AccRQA is a multi-platform (CPU, NVIDIA GPUs) application that calculates RQA measures. Acceleration using GPUs is optional and is not required to have an NVIDIA GPU to use AccRQA. AccRQA offers high-performance implementation of RQA measures that are available through Python, R, and C/C++.
The interfaces of the AccRQA library are designed platform and number precision agnostic. Change of the computational platform requires a change of a single parameter in the function invocation.

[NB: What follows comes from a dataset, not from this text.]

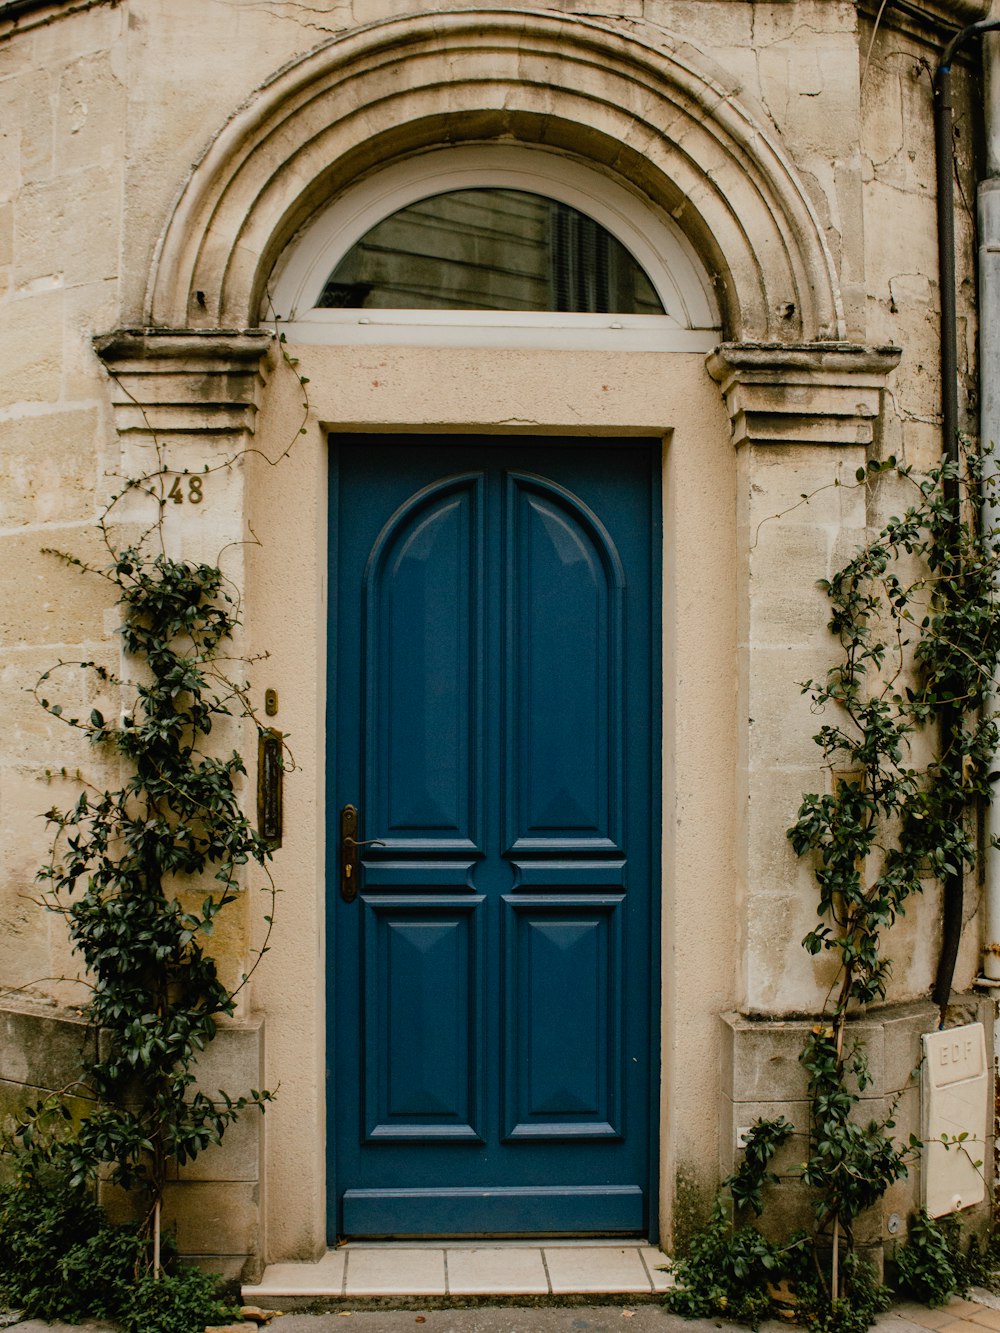 a blue door with vines growing around it

If the selected computational platform is unavailable, the AccRQA library automatically switches to CPU. Therefore, transitioning from a locally run workflow (for example, on a laptop) to a more powerful desktop or an HPC cluster with GPUs is effortless.
Supported platforms are CPUs and NVIDIA GPUs. We are planning to support AMD GPUs in the future.
Interfaces assume that data are resident in the main memory (CPU RAM) and are transferred to the computational platform of the user's choice by AccRQA.
AccRQA library exposes three functions to the user. These functions calculate:
- RR
- LAM, including TT, TTmax
- DET, including L, Lmax, ENTR
AccRQA library supports Euclidean and maximal norms with plans to provide more in the future.
The documentation is on GitHub pages. (https://kadamek.github.io/AccRQA/index.html)
We encourage you to install the accrqa package from the source package, as Python binary wheels do not support GPUs well and accrqa package will be compiled directly for GPU architecture you have. For the installation you will require an compiler installed (GCC for linux or MSVC for Windows), CUDA toolkit if GPU acceleration is desired and setuptools 63.1.0 or newer. To install accrqa from source use:
pip install accrqa
Binary wheels can be downloaded from GitHub release page. To install accrqa from binary wheel use:
pip3 install accrqa_version_.whl
To install accrqa from local repository, clone AccRQA repository using:
git clone https://github.com/KAdamek/AccRQA.git
From the top-level directory, run the following commands to install the Python package:
pip3 install .
The compiled library will be built as part of this step, so it does not need to
be installed separately. If extra CMake arguments need to be specified, set the
environment variable CMAKE_ARGS first, for example:
CMAKE_ARGS="-DCUDA_ARCH=7.0" pip3 install .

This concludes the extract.